On Wed, Jul 22, 2009 at 4:48 PM, Jason
Gunthorpe<jgunthorpe at obsidianresearch.com> wrote:
> On Wed, Jul 22, 2009 at 03:40:50PM -0400, Hal Rosenstock wrote:
>
>> > Doing this without also using LID routing to the target switch is just
>> > going to overload the SMAs in the intermediate switches with too many
>> > DR SMPs.
>>
>> The "processing" time of LR (LID routing) v. DR forwarding (direct
>> routed) v. set/get of a forwarding table block is implementation
>> dependent. The dominant factor is the block set/get rather than
>> whether it is DR or LR forwarded.
>
> I would be very surprised if any implementation had a significant
> overhead for the actual set operation compared to the packet handling
> path. Certainly in our products the incremental cost of a set vs
> processing a DR is negligible.
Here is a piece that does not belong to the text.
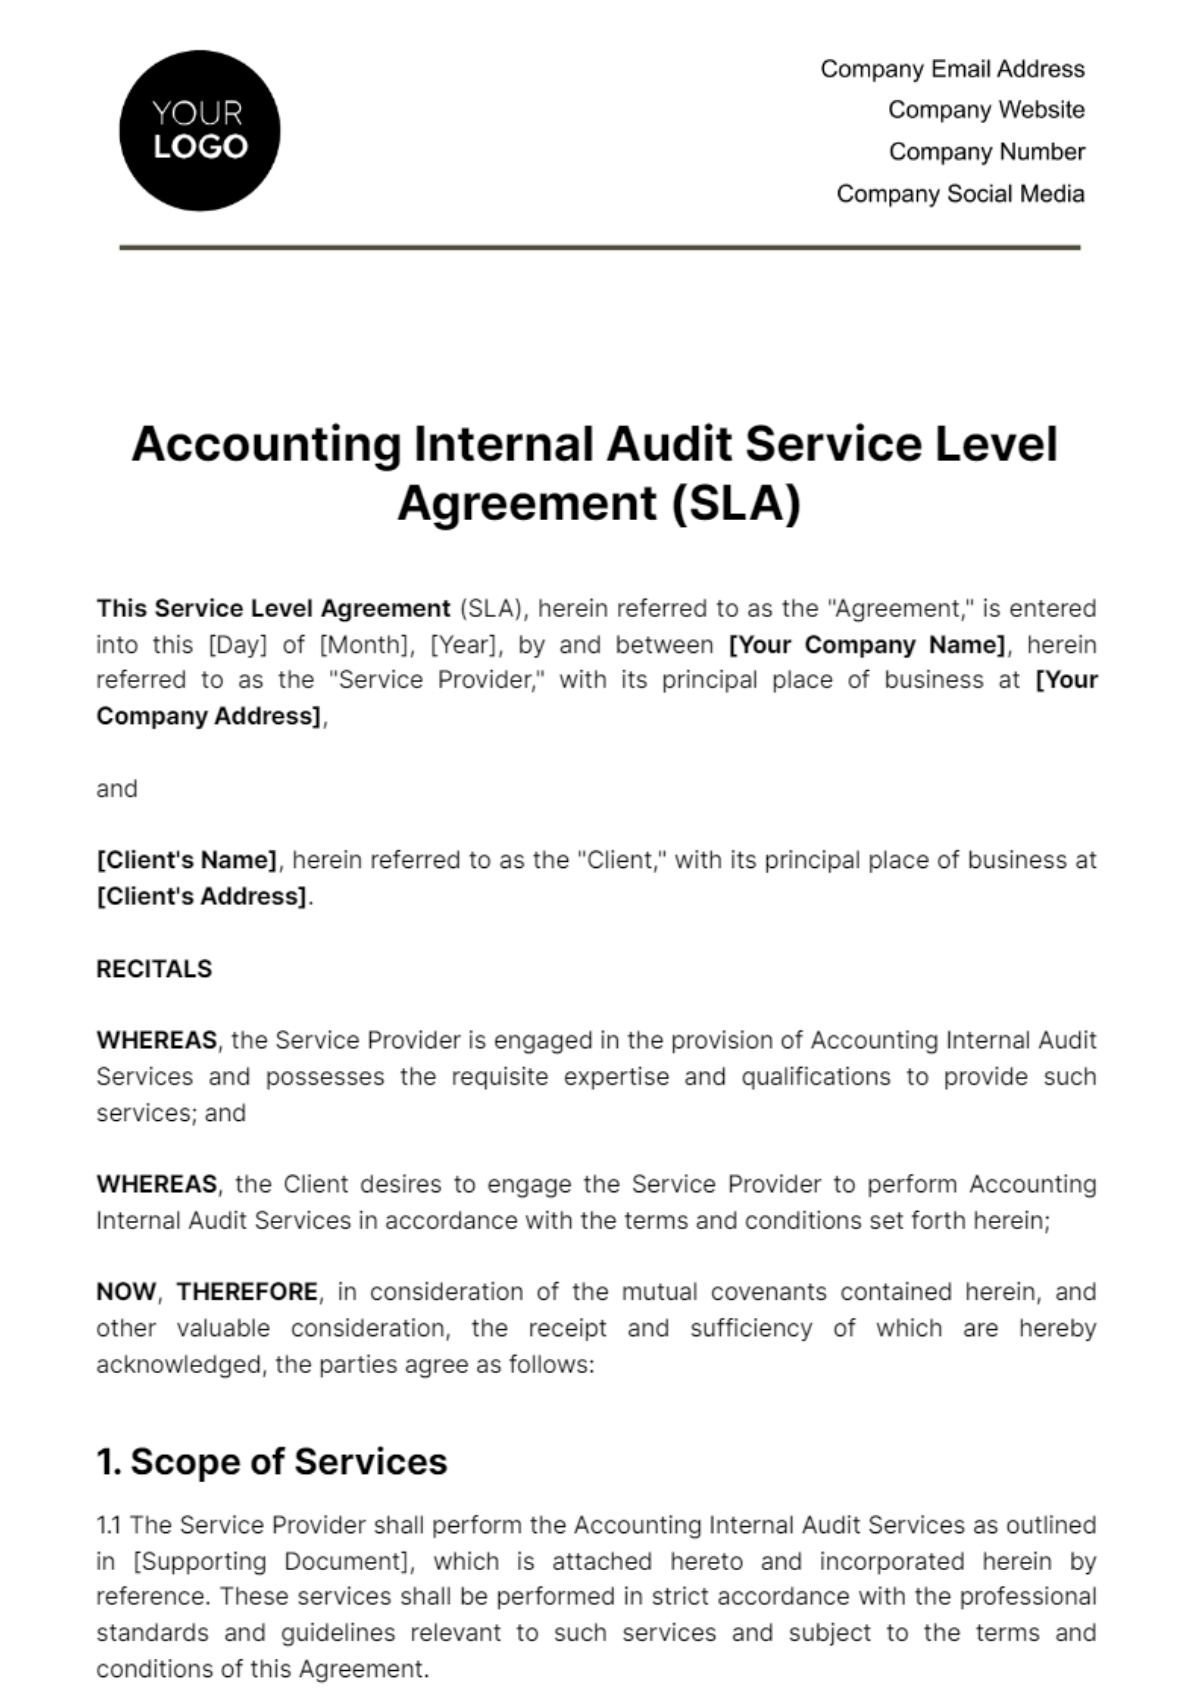 Free Accounting Internal Audit SLA Template

I expect similar results from any
> switch. As soon as a SMP goes into the CPU for DR or other processing
> there is an enormous hit.
>
> IIRC when I last looked, it is reasonable to expect a 1us per hop for
> DR vs a 100ns per hop for LID. If you are 5 switches deep that is 5us
> vs 500ns!!
>
>> The proposed algorithm reduces the potential VL15 overload on
>> intermediate switches relative to the current algorithm for two
>> reasons: the SMPs are spread across the switches first rather than
>> blasting each switch in turn and there is a limit on the number of
>> SMPs per node (not as good but less expensive than the concurrency
>> limit you propose).
>
> But you overload the switch the SM is connected to with processing
> N*limit DR SMPs rather than just 'limit' SMPs. That is what concerns
> me.

As I said, the current algorithm is worse as it sends N*no limit DR
SMPs (where no limit means any needed blocks). Not sure that VL15
droppage due to this has been identified. So I think this improves on
what's been deployed and seemingly works in OpenSM for quite some time
now.

>> > ??1) Within the BFS consider things as layers (number of hops from the
>> > ?? ??SM). All switches in a layer can proceed largely in parallel,
>> > ?? ??within the capability of the SM to capture the MAD replies at
>> > ?? ??least. Advancing to the next layer must wait until the prior
>> > ?? ??layer is fully programmed.
>>
>> The premise of this patch is to spread the blocks across the switches
>> first rather than populate an individual switch entirely before
>> proceeding with the next. This is due to the handling of the blocks
>> being significantly more time consuming than any of the forwarding. I
>> think that principle should apply to this algorithm as well.
>
> As is what I propose, an entire level can be done in parallel within
> the two concurrency limits.
>
> The reason for the BFS is to enable LID routed packets which I view as
> the biggest gain. You have to progress outward building up paths back
> to the SM to do this.
>
> Randomly programming all switches does not enable LID routing.
>
> [Though do note the BFS here is a special kind that traverses the
>  LID routing graph for the SM LID to guarentee the above. A LID route
>  that is not shortest-path will not work with a straight topological
>  BFS]
>
>> > ??2) At each switch send at most two partial DR MADs - where the MAD is
>> > ?? ??LID routed up to the parent switch in the BFS, and then direct routed
>> > ?? ??one step to the target switch. The two MADs would program the LFT
>> > ?? ??block for the SM LID and for the switch LID.
>>
>> Combined LR/DR routing is not a good idea IMO. Some switches don't support
>> this although a requirement. Full DR routing could be used here
>> rather
>
> I first implemented an algorithm like this for switches based on Gamla
> chips, and then for Anafa. If something doesn't support it, it is
> very uncommon.

I'm aware of at least two very different switches where this is the case.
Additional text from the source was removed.